The California daughter got the devastating news with a phone call from her younger half-sister. She went for help to some female therapist in San Diego. That therapist ruined the life of our daughter. She has distressed ours. She would take whatever simple little thing that our daughter remembered and turn it into either a thing of sex or violence using her own nasty imagination to give our grown daughter a life she NEVER had. A terrible life that DID NOT HAPPEN . . .We have lost that daughter because of it.
Just one example of many horrendous changes is that Josie was born sucking her thumb. The doctor and nurses laughed about it because it was shriveled. Our little girl who had never heard anyone even talk loud, heard my mother let out a “scream” because Josie opened an unlocked bathroom door where her grandfather was bathing. No big deal for a two and a half year old child. The therapist said that thumb sucking meant she had been raped and twisted this occurrence into a rape.

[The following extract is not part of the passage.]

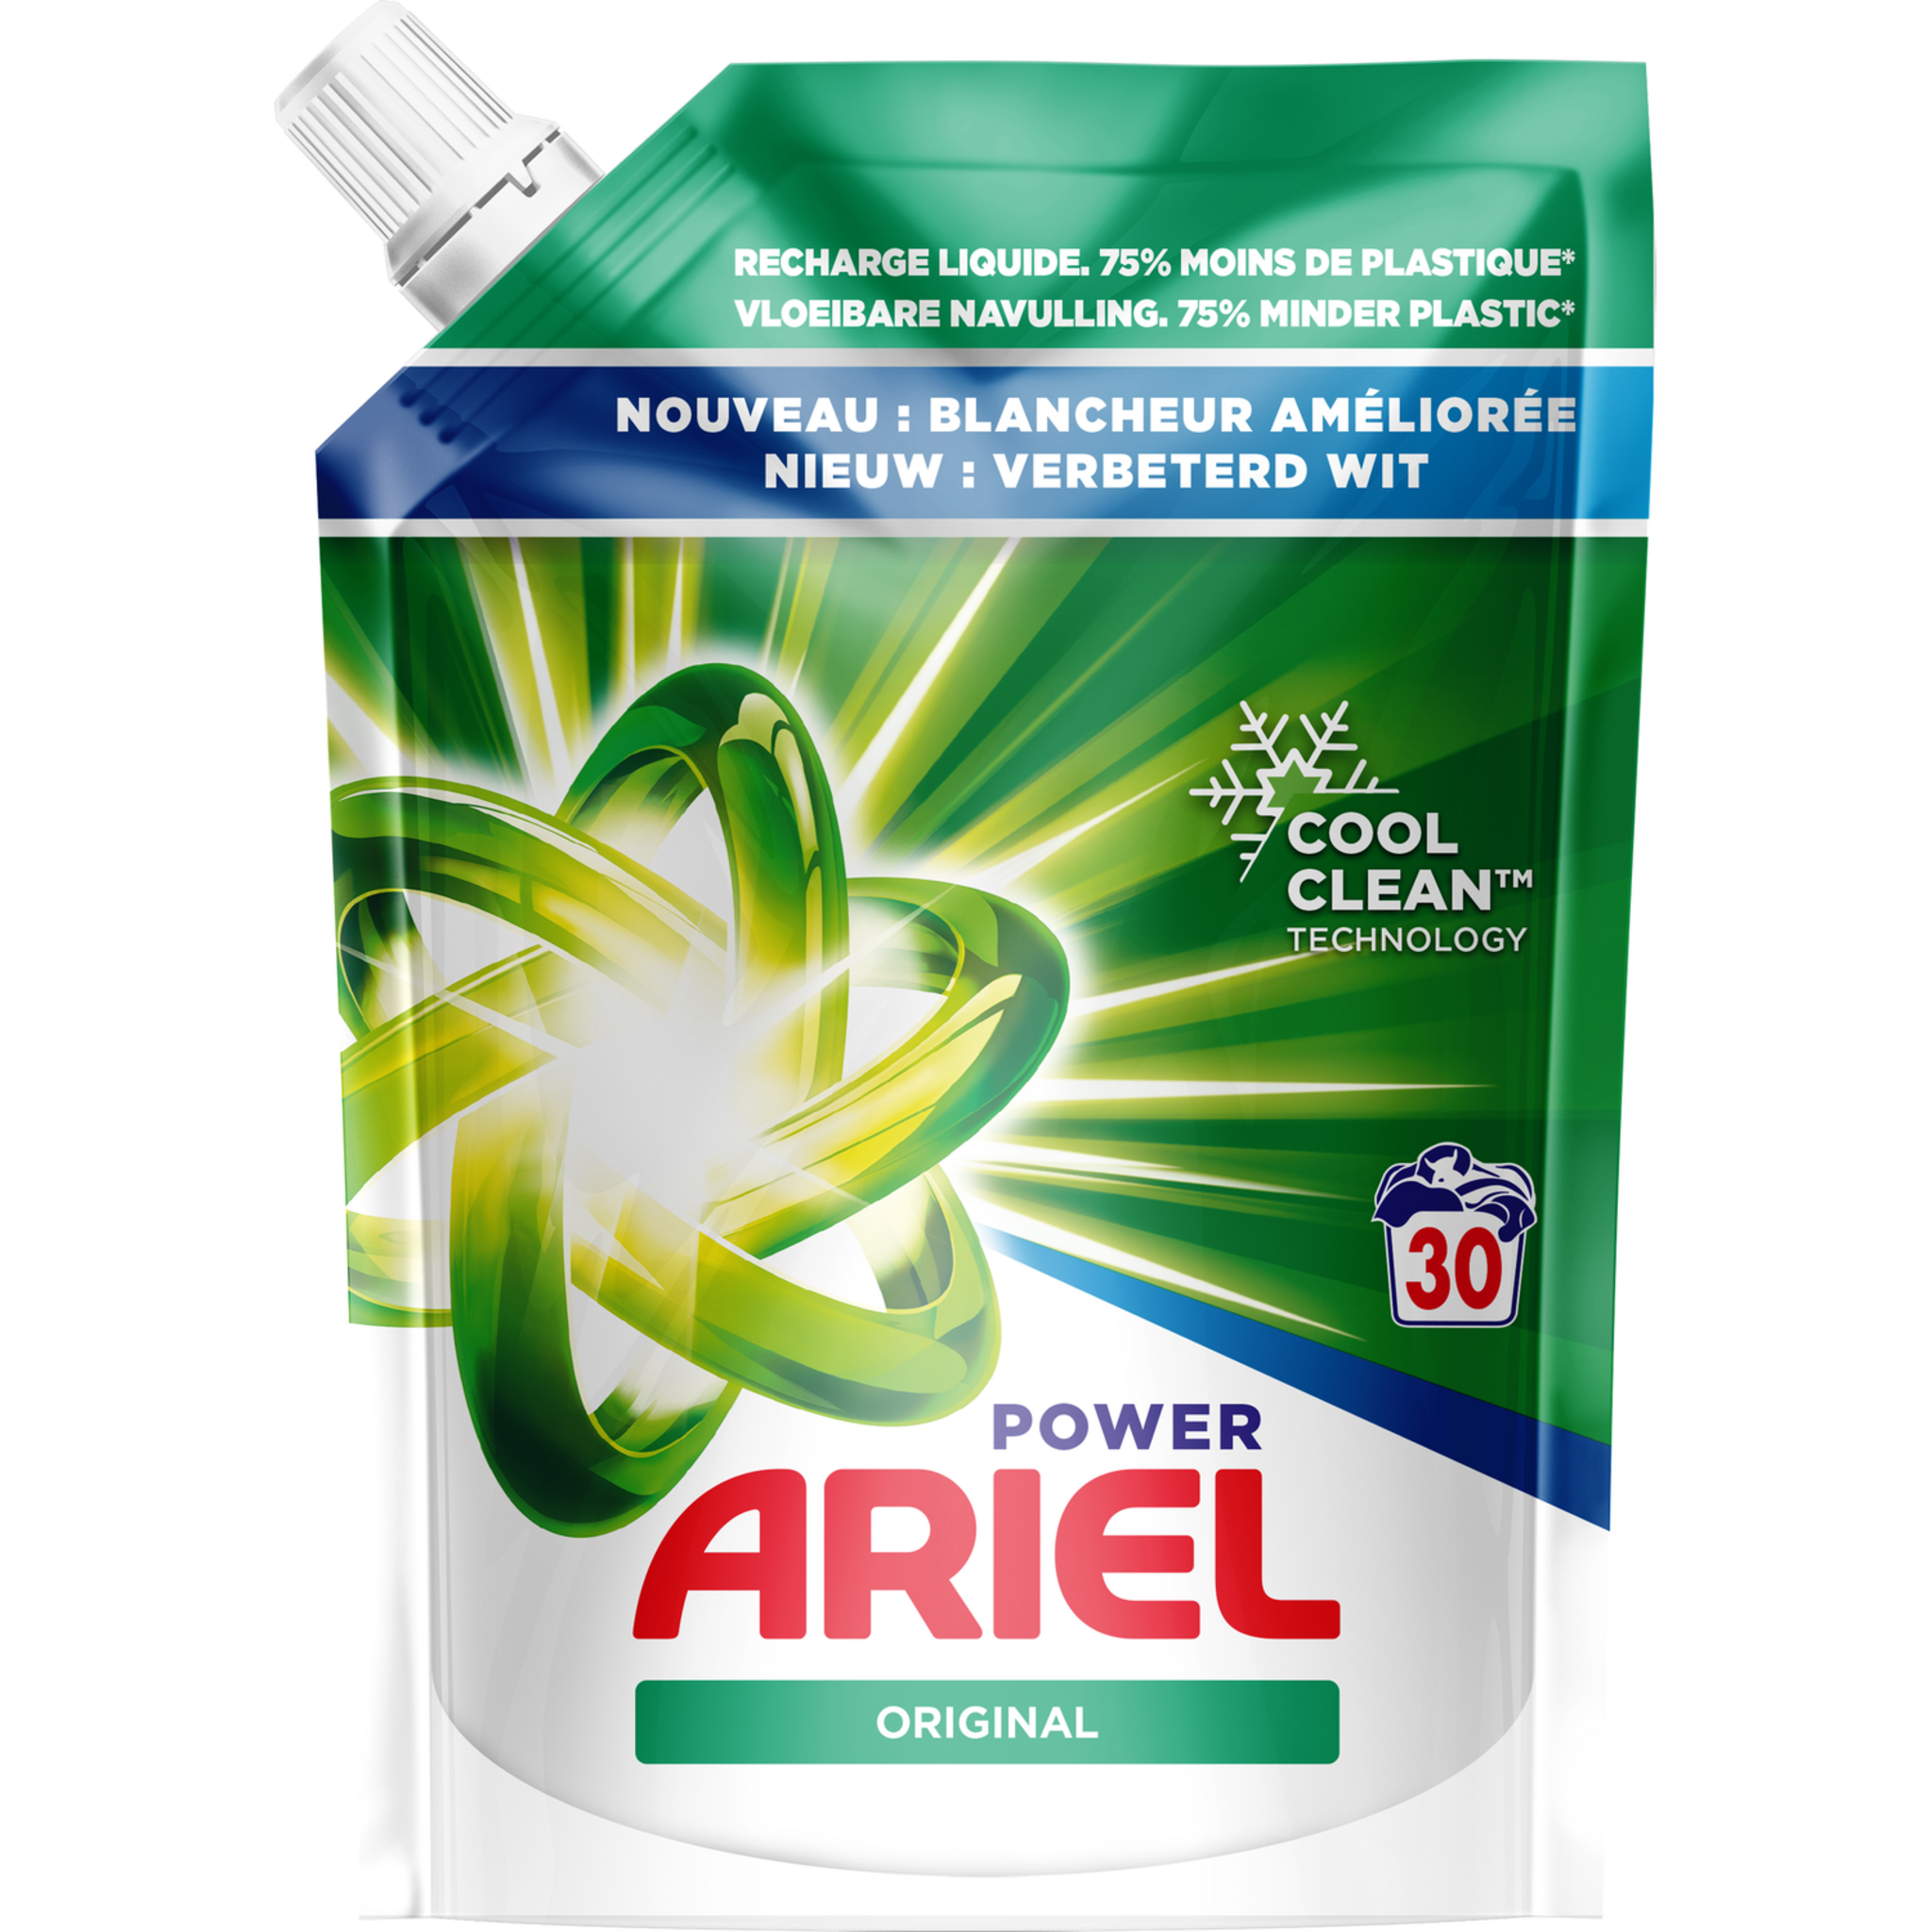 Lessive liquide écologique savon de Marseille - 1,53l - L'Arbre Vert

The false and crazy repressed memories that therapist planted by hypnosis in our daughter’s brain are being used against us by an evil daughter-in-law who in an attempt to get her children back that the courts had removed from her. She has promised her children that they will have a big house to live in. (Supplied by your taxes) Slandering and discrediting anyone who has helped her children have a good life instead of the abused life she had forced upon them, she found our therapist controlled daughter to be the means that she needed.